Sunday, January 31, 2010

With the passing of Howard Zinn and J.D. Salinger, America has lost two very important voices. One was an outspoken activist who was unafraid to challenge power, and the other was an iconoclast who drifted into a hermit-like existence. Perhaps drift is the wrong way to put it; perhaps it was his conscious choice to do so, to seclude himself into the nether-regions of New Hampshire. Whatever the case, both men despised phony people, for different reasons. Despise is a word that requires a note of elaboration. At first glance it appears to denote hatred but, in fact, it literally refers to the act of looking down upon. Zinn and Salinger, quite literally, looked down upon phonies, inauthentic people, cogs in machines, because such people chose to become, or had no choice but to be, automatons, serving a higher purpose over which they had no real control.

Much is said about a famous address Zinn made in the Boston Common in 1971, addressing the plainclothes tools of state power interspersed among the listening crowd. He, along with Daniel Ellsberg and others, were beaten the next day, by interlocutors of law and order, although on an individual level the agents wielding heavy batons were at the very least reluctant to carry out their orders and, according to the account Ellsberg has given, expressed their sympathies for the cause.

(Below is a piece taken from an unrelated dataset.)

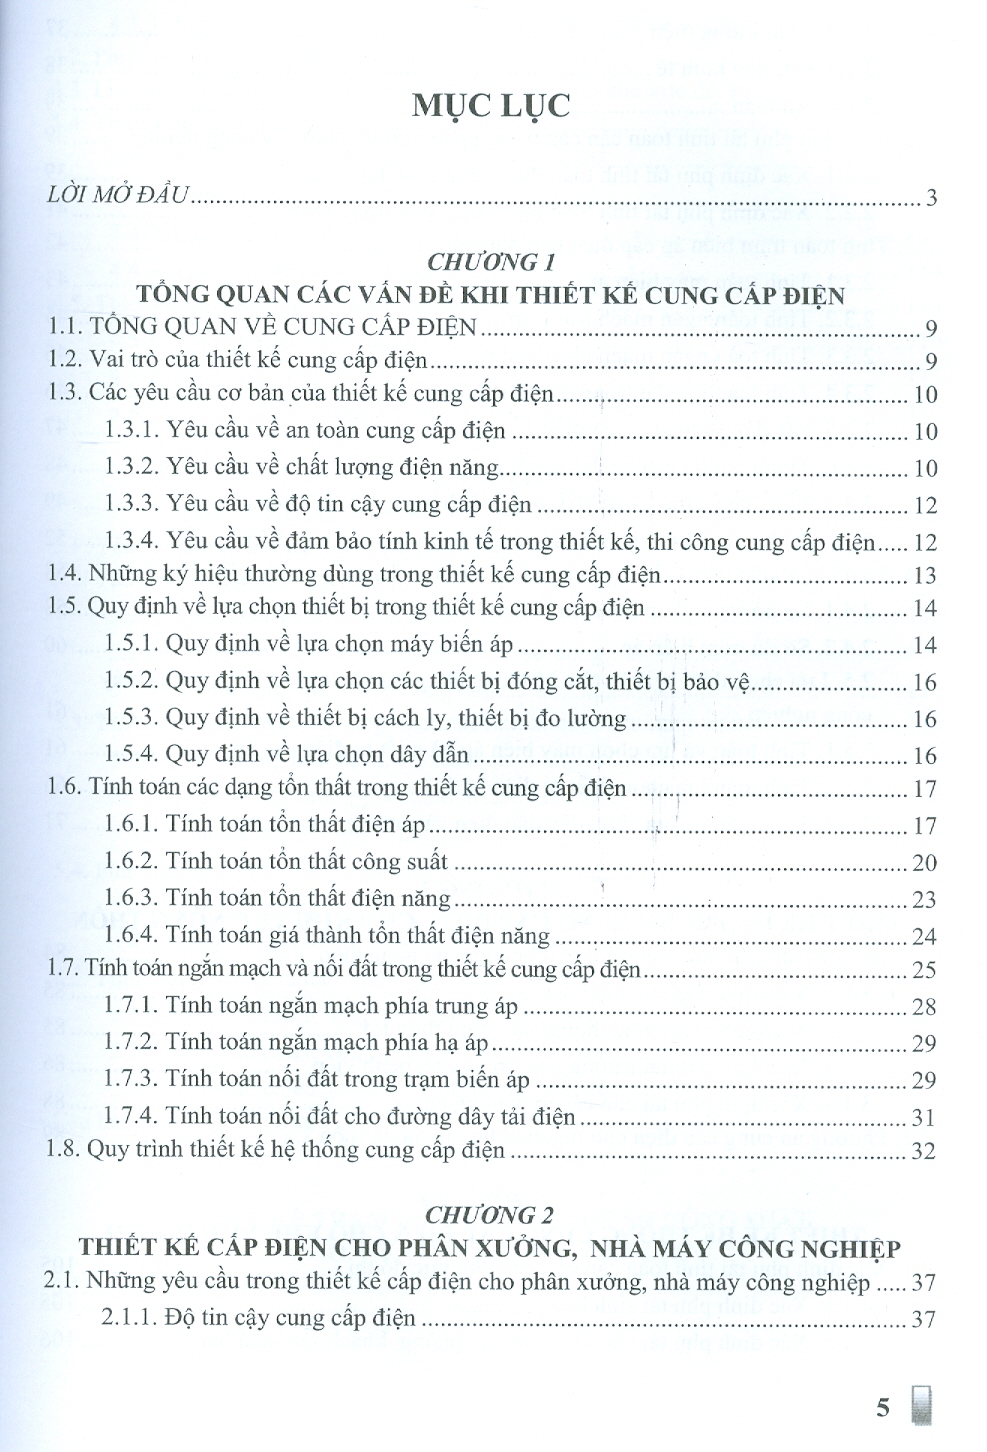 Thiết Kế Hệ Thống Cung Cấp Điện - Trần Hùng Cường, Nguyễn Thị Thắm (In giới hạn 30 quyển)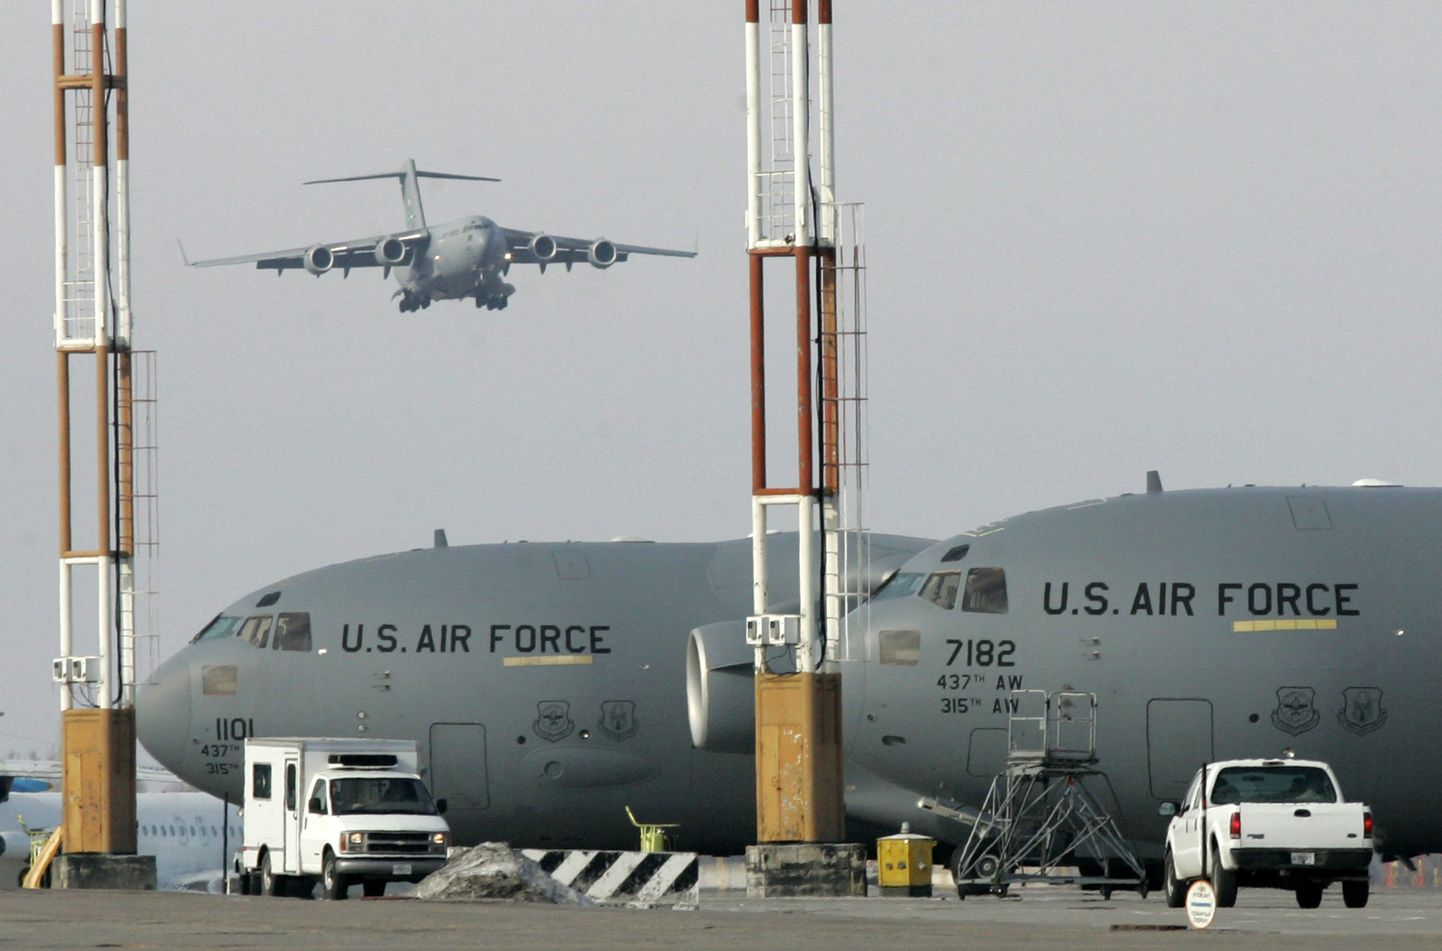 Ameerika Ühendriikide õhujõudude lennukid Kõrgõzstanis Manasi lennubaasis.

As for the creator of Holden Caulfield, an ennui-obsessed teenage lost soul who despairs of the world, the impulse to change the world retreats to a desire to escape. It is certainly understandable; the world can be a demented, dangerous place, filled with mercenary, unfeeling people. But that is far from all that it is. Perhaps it was the hope that there are decent people everywhere you go, doing what they can to improve things, even in the smallest ways, that kept people like Zinn going, up to the very end.